People have strong opinions on baby showers. Weird thing to make an issue about, but always worth remembering most people are only bothered about things that revolve around themselves.

morningtoncrescent62 · 27/04/2018 11:12

It seems extraordinary to me that friends would let a couple of quid get in the way of a friendship. So there are two possibilities. One, your friends are not real friends, in which case no way would I be forking out for expensive hen dos. But another possibility is that your sister (inadvertenly I'm sure) got the wording wrong on her invites, and ending up pissing everyone off. If you value the frienships I'd say it's worth even now trying to chat with them about what went wrong, and how it made you feel - you may find there's some justification on their part. If you think they were deliberately being mean and you don't value the frienships, then let it go but don't go to the hen do. If they're not there for you, you don't need to be there for them.

CheeseyToast · 27/04/2018 11:16

Mumsnetters are notoriously angsty about baby showers.

I have no idea why as I think they're quite lovely. Such an exciting time for mother to be and it's all v low key - cakes and cute baby stuff.

I think your friends sound very mean. I definitely wouldn't appreciate being asked for £250 for a hen night in this context. Babies last a lot longer than marriages, your friends need to get their priorities straight.

swingofthings · 27/04/2018 11:17

The problem is that people are already expected to buy a gift if invited to a baby shower and very often that's the only reason people have them so to expect to have to contribute to the set up in addition is very cheeky on my views. I think in this instance I would have paid but reduced my present accordingly.

Viviennemary · 27/04/2018 11:17

I think it's really cheeky to charge people an entrance fee to an event they are invited to. your sister got it massively wrong on this occasion IMHO. They'd be buying a present for the baby presumably.

Viviennemary · 27/04/2018 11:21

So surely this can't be right. Pay for your own afternoon tea, give a donation towards decorations and buy a present for the baby. I would ring round your friends and apologise.

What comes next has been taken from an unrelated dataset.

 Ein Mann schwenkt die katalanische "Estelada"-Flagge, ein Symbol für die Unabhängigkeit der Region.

The hen do is a separate thing. It's a lot of money and if you can't afford it then don't go.

Lilyvonschtup · 27/04/2018 11:25

Thank you all for your comments.

I think the £1-2 was asked for so that nobody would feel awkward when I was given a bouquet and champagne (for after the birth) from the group which was why it was optional.

I agree that it probably could have been worded better.

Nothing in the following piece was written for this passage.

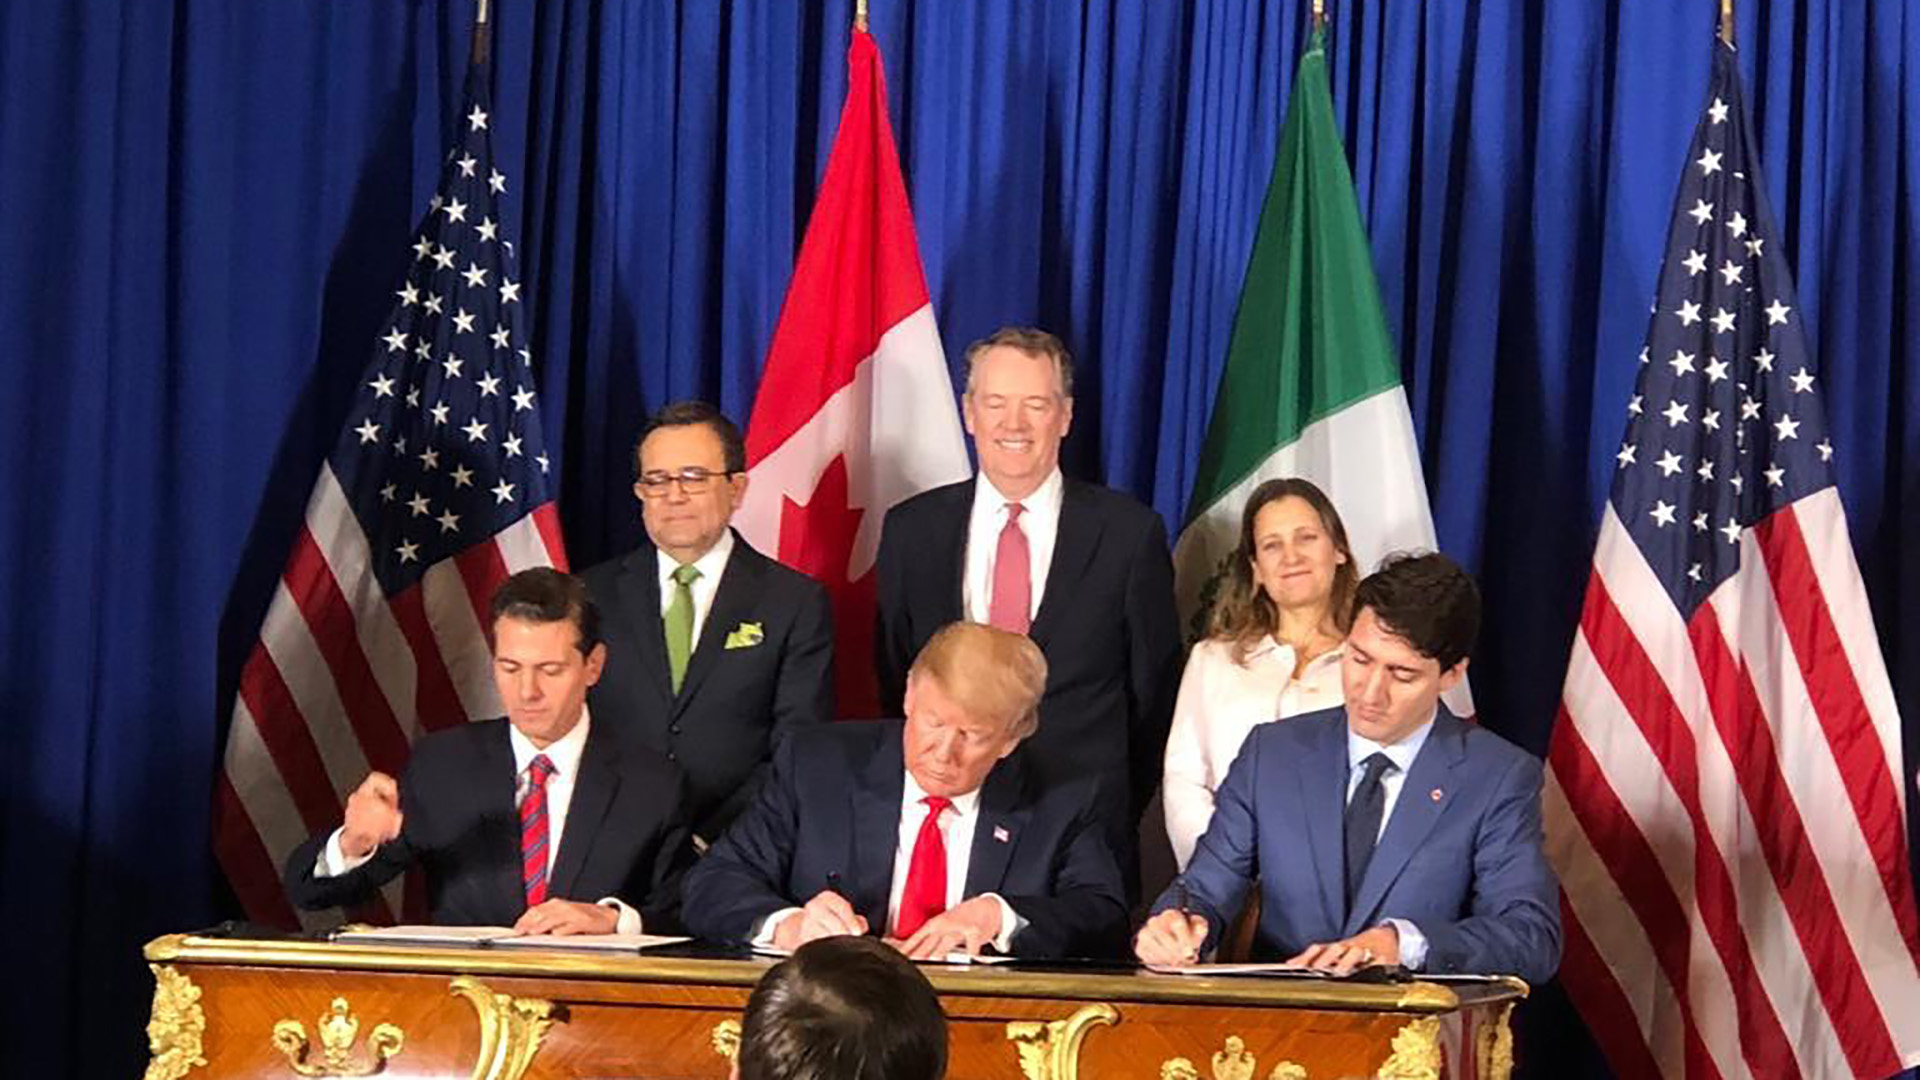 Estados Unidos, México y Canadá firmaron su nuevo acuerdo de libre comercio conocido como T-MEC (Télam)

I think I’m more upset by the fact that nobody had the balls to tell the truth to either me or my sister and, if the tables were turned, I would have donated in a heartbeat whether or not I agreed with the request. At the end of the day, it wasn’t the requested that was hurt over a small amount of money.

Maybe PP is right though, I should chalk it up to experience and let it go. X

OP posts:
AjasLipstick · 27/04/2018 11:26

Why would people PAY to bring an expectant Mother a gift?!??

You're meant to host people....they don't pay! Not a pound, not a fiver..nothing!

They bring a gift and you give them lunch!